Material provided Block Start
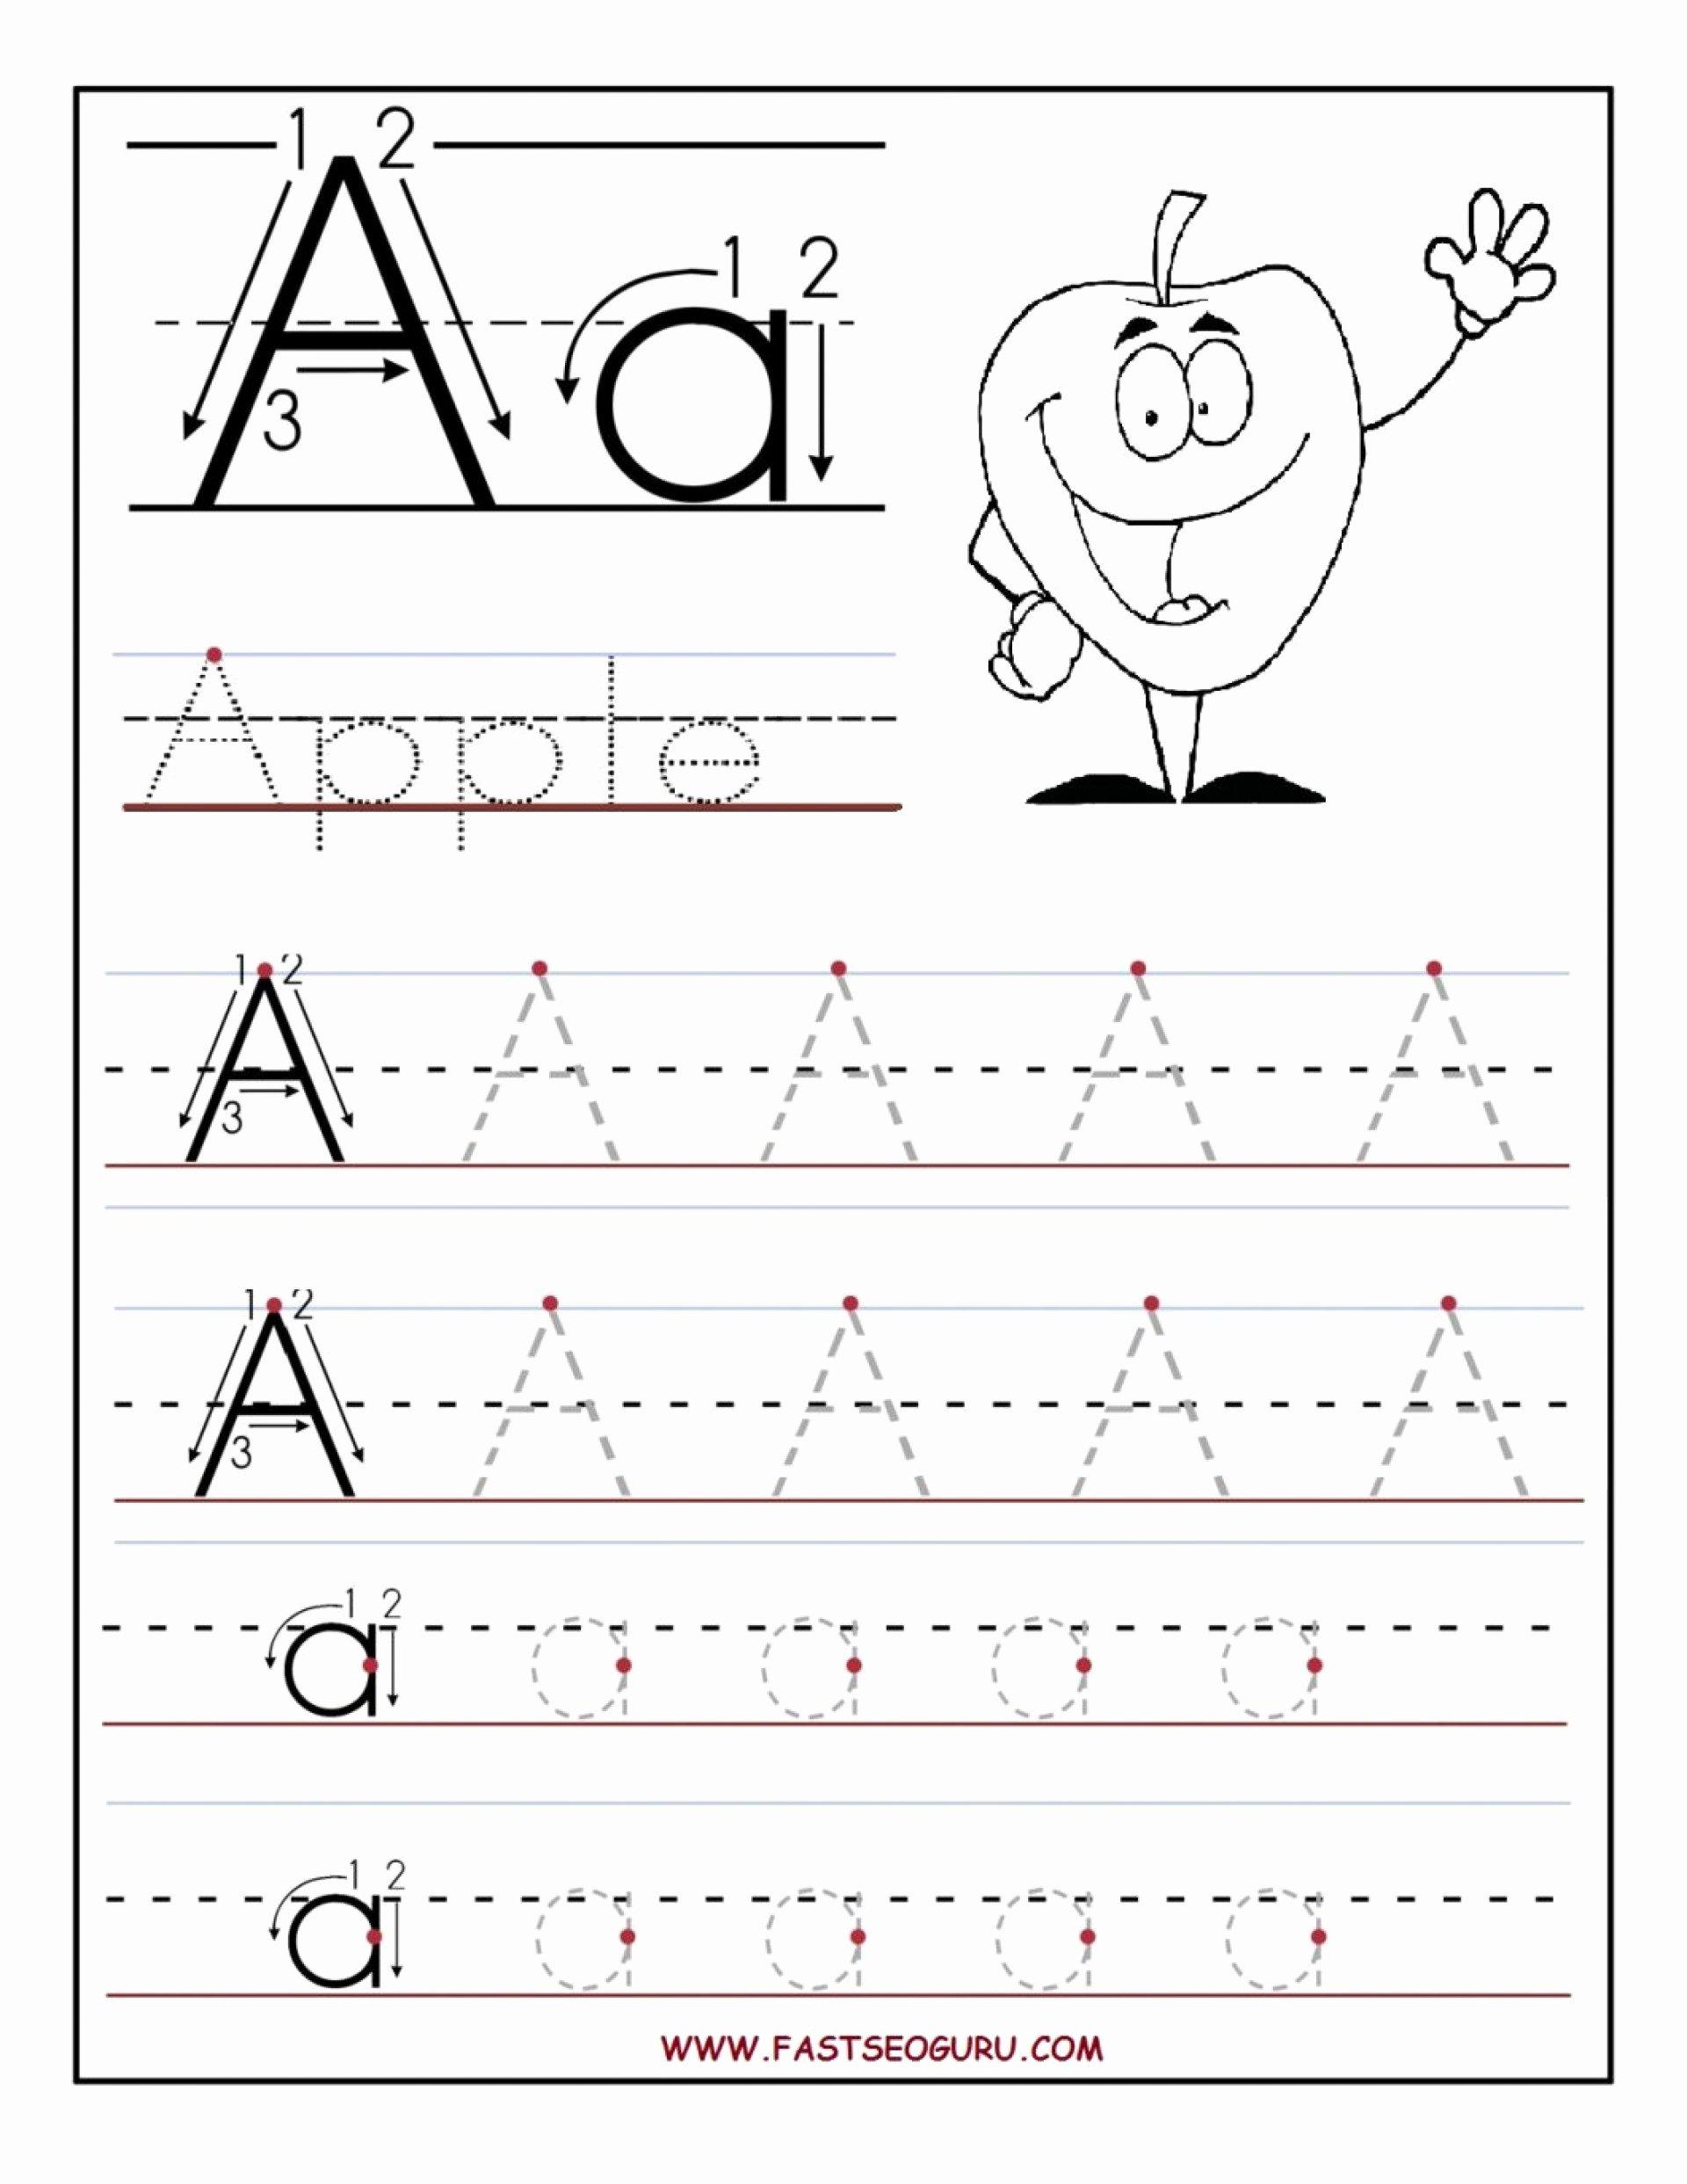 Free Printable Worksheets for Preschoolers Alphabets top Coloring Book Preschool Free Printable Worksheets Tracing
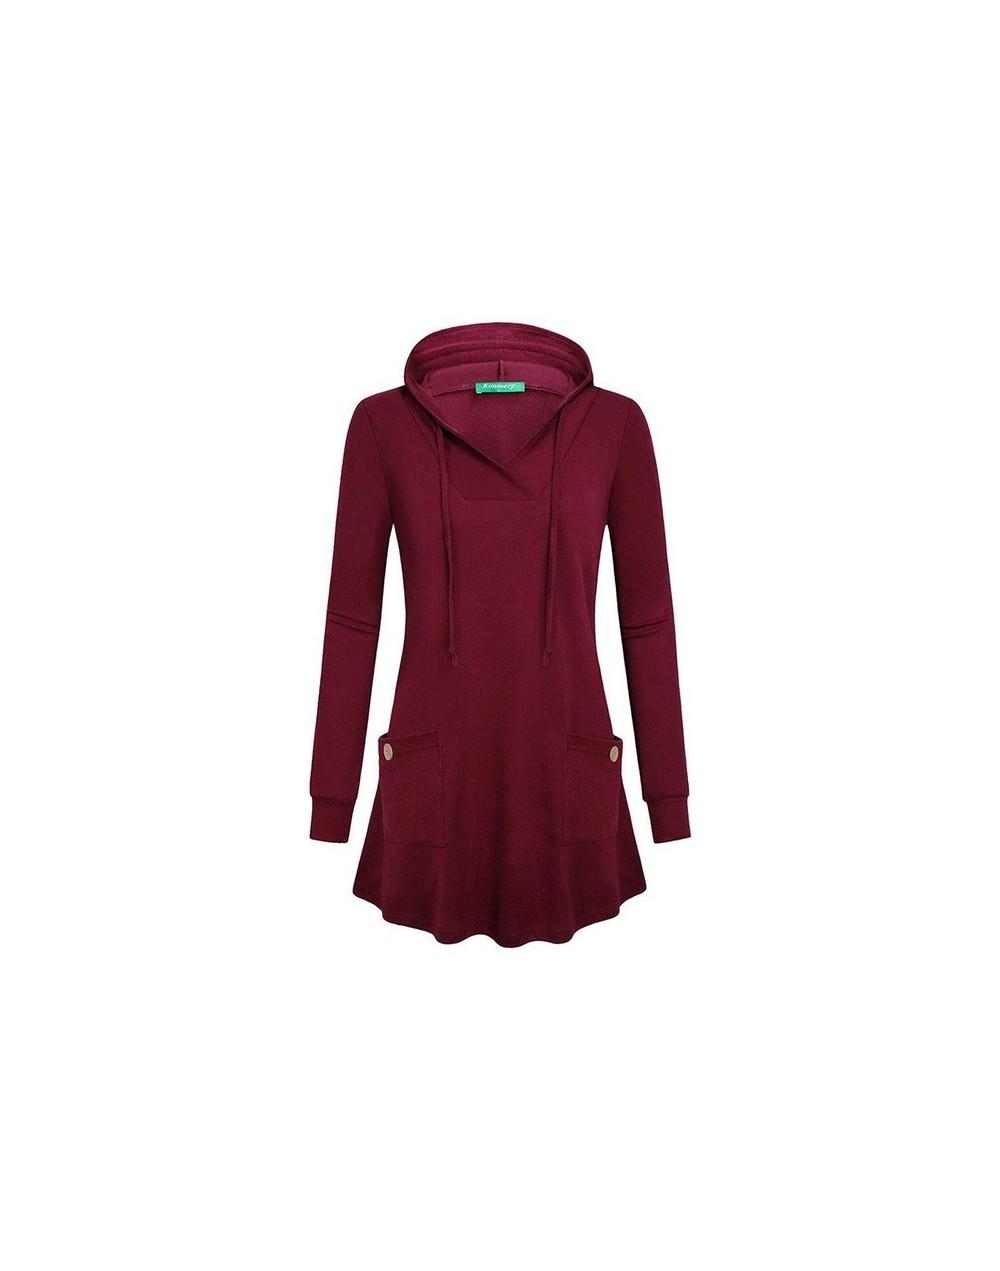 Autumn 2019 Casual Plus Size Black Gothic Streetwear Women Hoodies Slim Hooded Plain Pocket Tops Red Female Fashion Sweatshi...
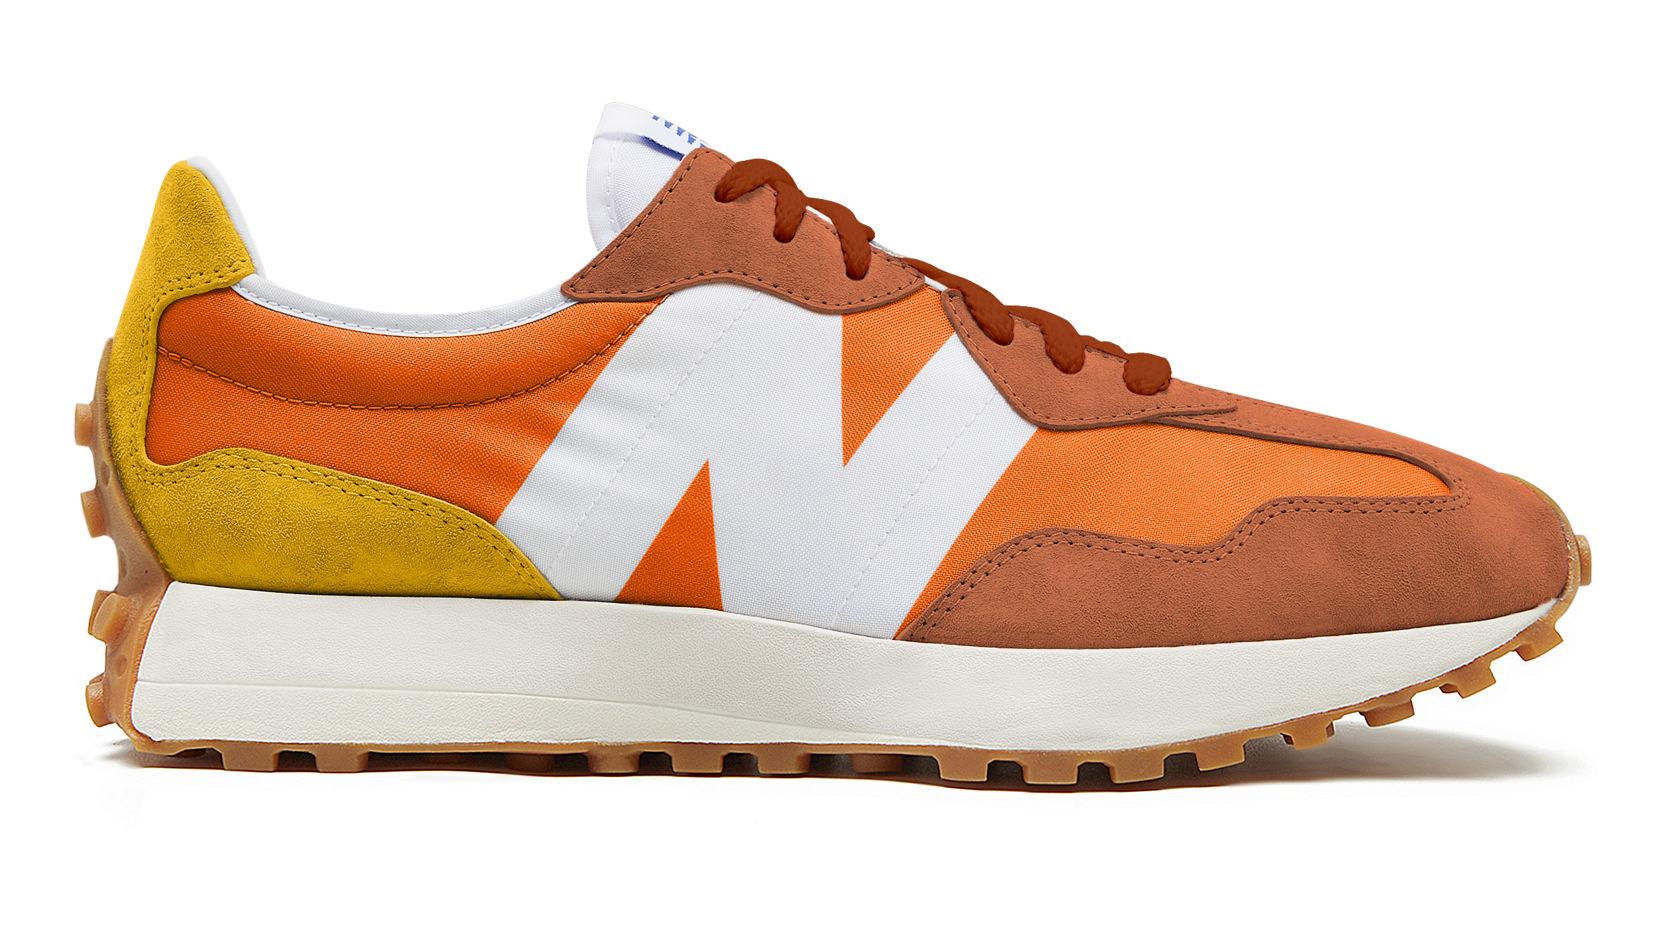 new balance 327, sneakers, week 26
Material provided Block End
What to do:
Reproduce the material exactly. Pictures stay out.

Response:
 Free Printable Worksheets for Preschoolers Alphabets top Coloring Book Preschool Free Printable Worksheets Tracing
 Autumn 2019 Casual Plus Size Black Gothic Streetwear Women Hoodies Slim Hooded Plain Pocket Tops Red Female Fashion Sweatshi...
 new balance 327, sneakers, week 26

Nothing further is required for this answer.